Troubleshooting Environment Specific AEM Issues

One of the most common issues that arise during development/testing on AEM implementations is why does my page look right in author but not when I view it through the web server/Dispatcher . Or why does it work fine when I hit the publish server but not the web server.

Most developers with AEM experience have their list of immediate suspects – did you publish everything, is Dispatcher blocking it somehow, etc. Where people run into trouble is when the cause isn’t on their list and they aren’t sure how to identify the source of the problem. This is where having clear understanding of request process helps you identify the at least what layer is causing the problem which will then help you quickly solve the problem.

Step 1 – What’s Happening on Browser

The first step is to figure out whether or not all the files your page requires are getting downloaded. Normally in these situations you open something like Firebug or Charles and look for the 404s (or other error code – 403 or 500). You can then normally zero in on why those files are throwing the error by moving to Step 2 – What’s Happening on the Web Server/Dispatcher.

Every once in while you will run into a situation where you don’t have any requests throwing errors so at this point you need stay focused on what’s happening in the browser. If you don’t have any requests with errors then you will want to look at a couple of different things:

  1. JavaScript error console – look to see if you find any security warnings of other errors. You may be experiencing cross domain scripting issues for example that perhaps you don’t see when hitting the publish server. Also you may see parsing errors – this can sometimes indicate that one of your files has bad content in it even though it isn’t throwing an error code.
  2. Compare the list files downloaded in environment that works against the list downloaded in the environment that doesn’t work to see if you have same files (also check not just the count but file names as well). Sometimes it’s useful to use a proxy tool like Charles for this rather than a Firebug if you site leverages plugins like Flash or other tools that might make an HTTP request that the browser isn’t aware of.
  3. Worst case scenario is to start opening individual files and comparing the contents between environments to see if you have errors embedded in files or old versions, etc. You may also need to compare HTTP headers between environments (verifying for example that the mime type and content types are the same in different environments).

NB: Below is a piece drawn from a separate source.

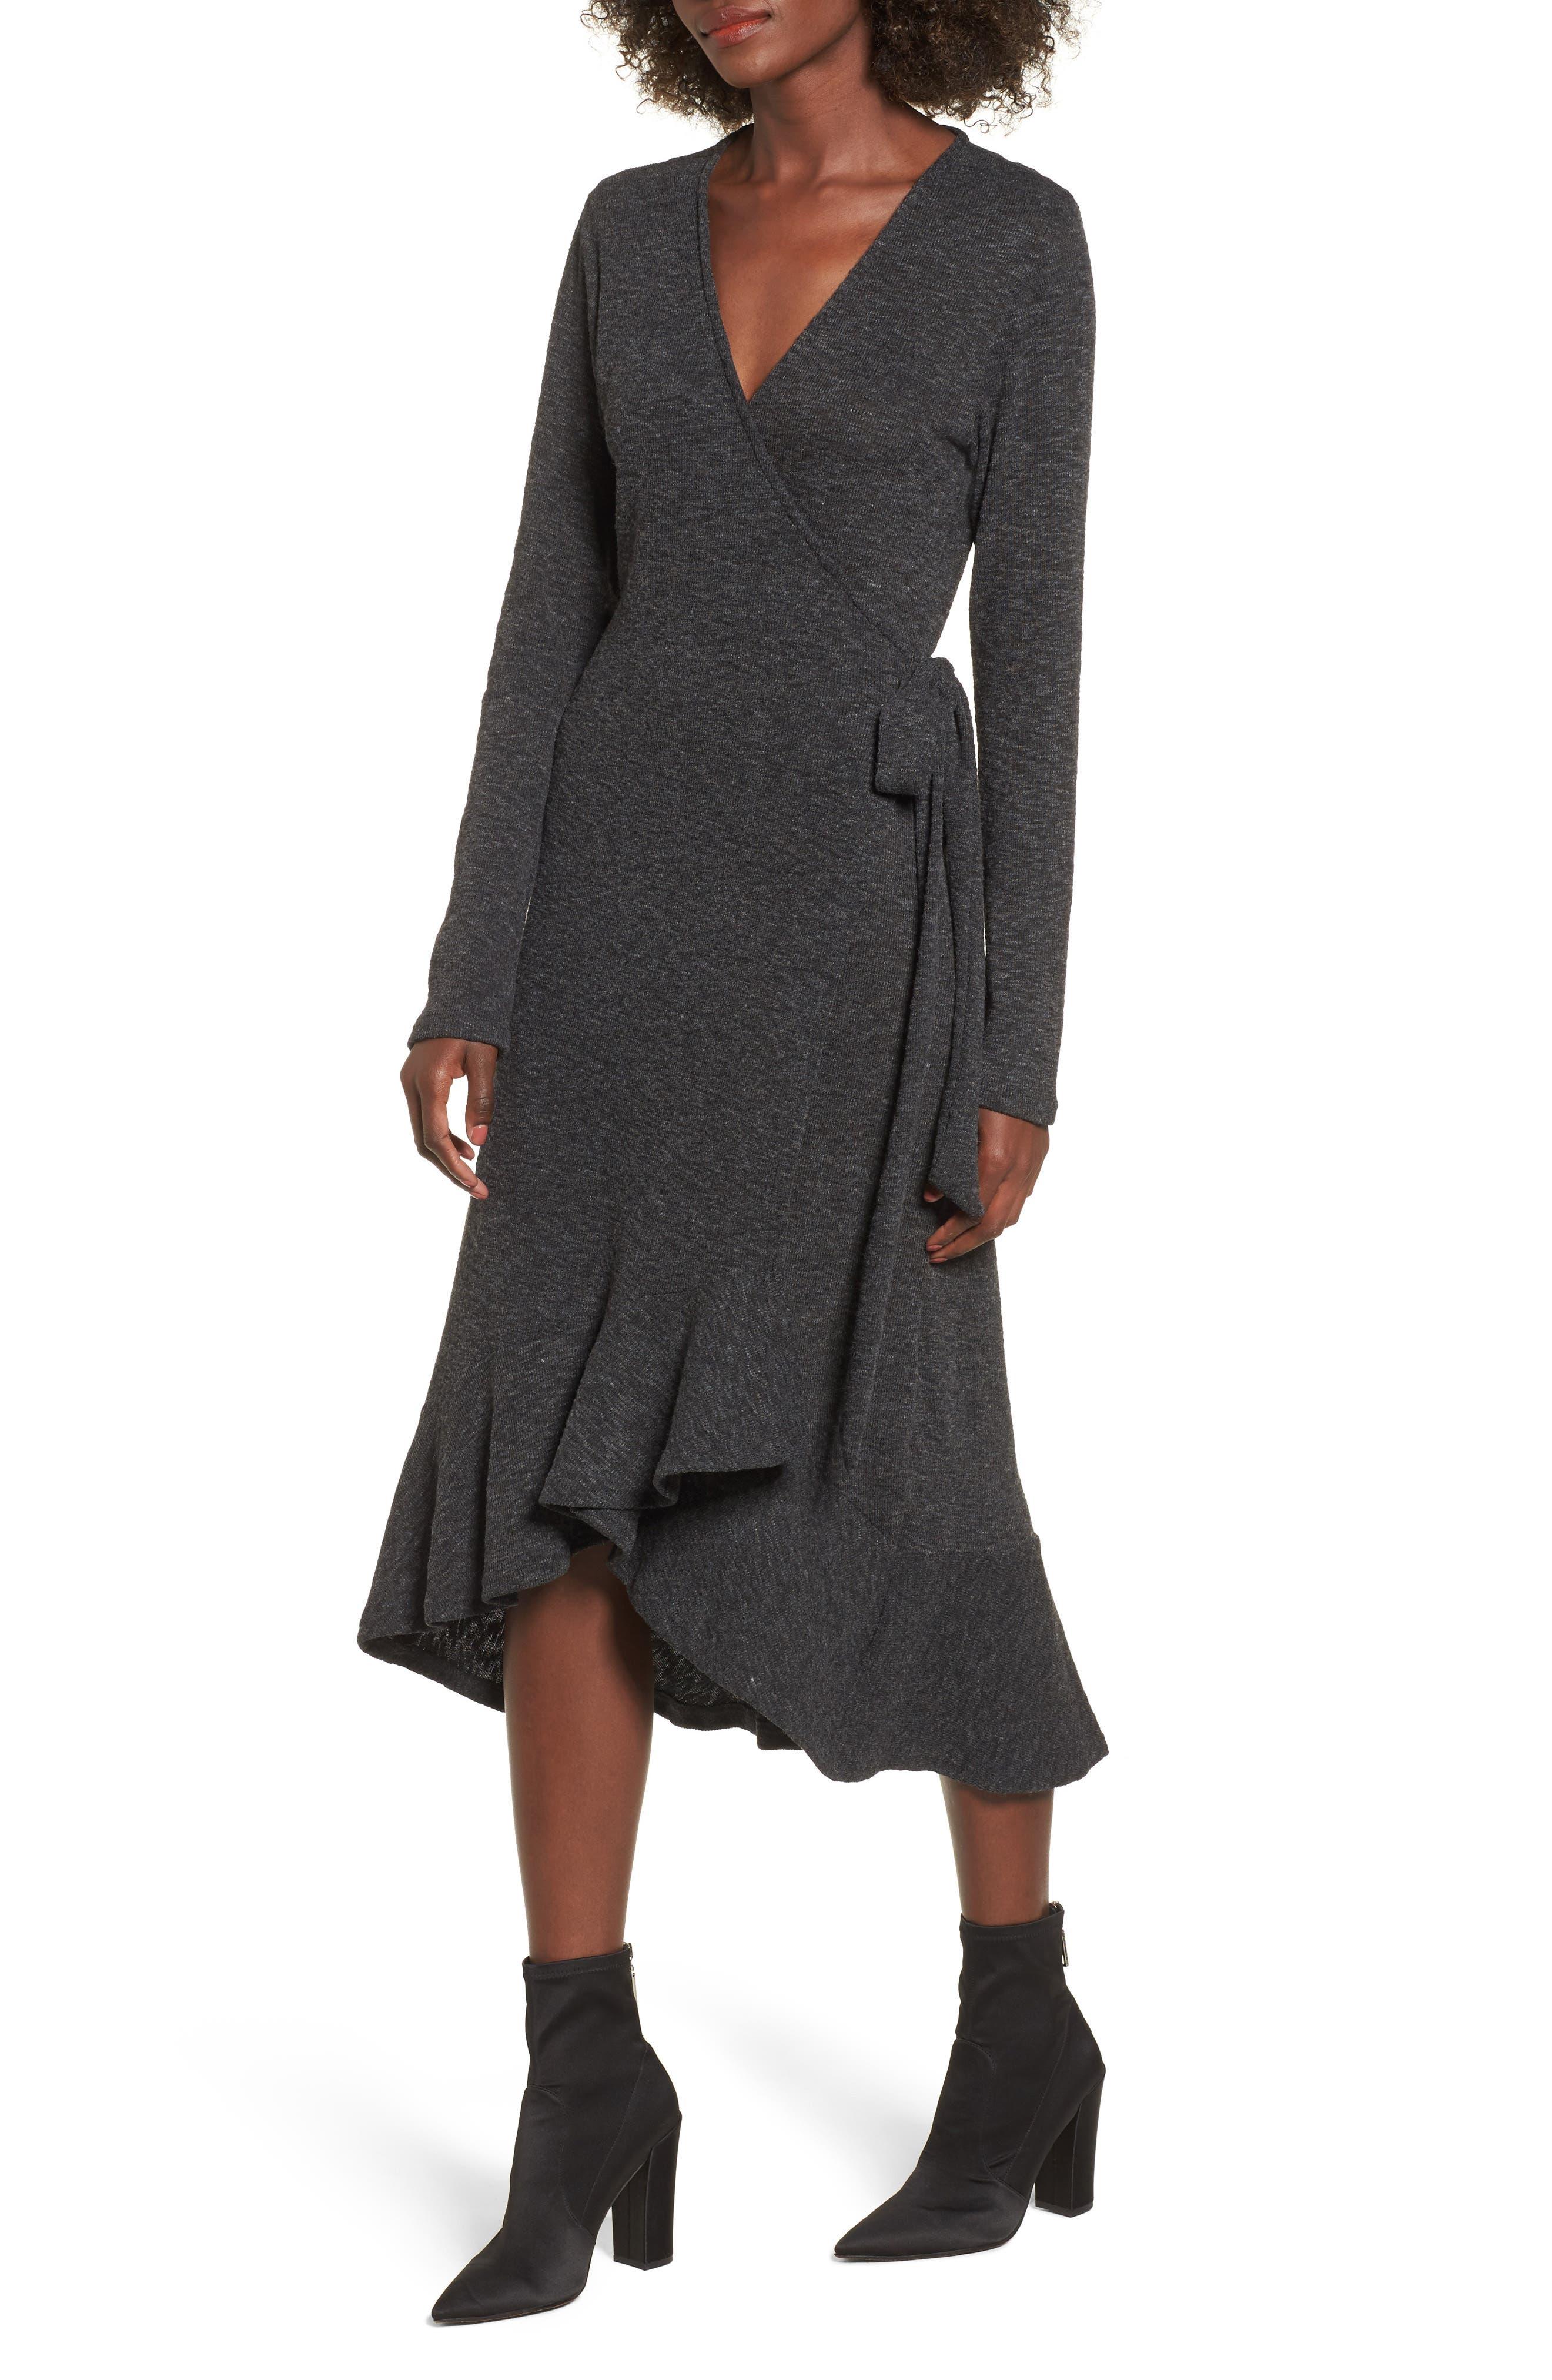 Winter Wandering Wrap Dress,                             Main thumbnail 1, color,                             020

Normally as you run through these options you hit on the problem file and you will advance to the Step 2

Step 2 – What’s Happening on the Web Server/Dispatcher

The goal at this step is determine whether or not the web server/Dispatcher is the source of the problem. The questions to ask will vary a little based on whether what the problem you have (404 vs. wrong mime type) but generally it’s one of these questions

  1. Is the request getting to the web server at all or is getting misdirected above the web server by another layer?
  2. Is the request getting to Dispatcher or is the web server configuration somehow misdirecting the request?
  3. Is Dispatcher serving the item from cache or sending the request back to publish?
  4. Do you get different behavior when the item is server from cache vs. when Dispatcher sends the request back to a publish server.
  5. Is the URL that Dispatcher is trying to resolve the correct URL (if you have rewrite logic is it getting properly applied,  is it being rewritten when it should not be, did it get mangled somewhere along the way)?

In order to answer these questions there are generally a few places to look:

  1. Web server’s access.log or error logs.
  2. Dispatcher .log – ideally you should turn up the logging on this to get more information but in production that may be a last resort – however sometimes it may be the only option.
  3. Publish server request.log or access.log – if you can’t turn up the logging at the Dispatcher level these can sometimes give you the information you are looking for, although in production where you have more than one publish server it can be difficult.

At this point if you determine that the web server/Dispatcher is the problem it is normally either an issue with filter rules in Dispatcher .any, stale cache, or a problem in the web server that is either changing, or failing to change the URL, or an issue with web server not forwarding the request to Dispatcher for handling.

If however you determine that request is getting to the web server/Dispatcher and being sent back to the publish server then you are onto Step 3.

Step 3 – What’s Happening on the Publish Server

Generally if you get to this point you have a fairly straightforward problem to solve (and generally the issue was it works in author and not in publish). The questions you are looking at are:

  • If it’s a 404 why – does the node not exist in the publish server or is the URL wrong for some reason or do you have some sort security issue.
  • If it’s a 403 error why – the common one here beyond just misconfigured security permissions is the Sling Servlet Referrer filter setting (which can block things like post requests that don’t come from a white listed domain).
  • If it’s 500 – read the error logs – this is really important in all the questions – if you stumped always read the error logs.

Cutting to the Chase

That’s a pretty extensive list, and once you have gone through it a time or two you start to develop some short cuts to identifying the problem layer which is good. I usually try tto bracket the problem before I start digging:

  • Do I get the same results when I hit the web server vs. hitting 4503 directly?
  • Do I get the same results cached vs. uncached (usually by adding question mark)?
  • Do I get the same results when I request the file by itself vs. when it’s downloaded with the page?

The answer to one of those questions will usually point me to the right layer and reduce the steps. That said one thing to monitor is when you start spinning your wheels. While walking through that list methodically may seem like a waste of time it is usually worth doing once you start to spin your wheels and you aren’t making progress.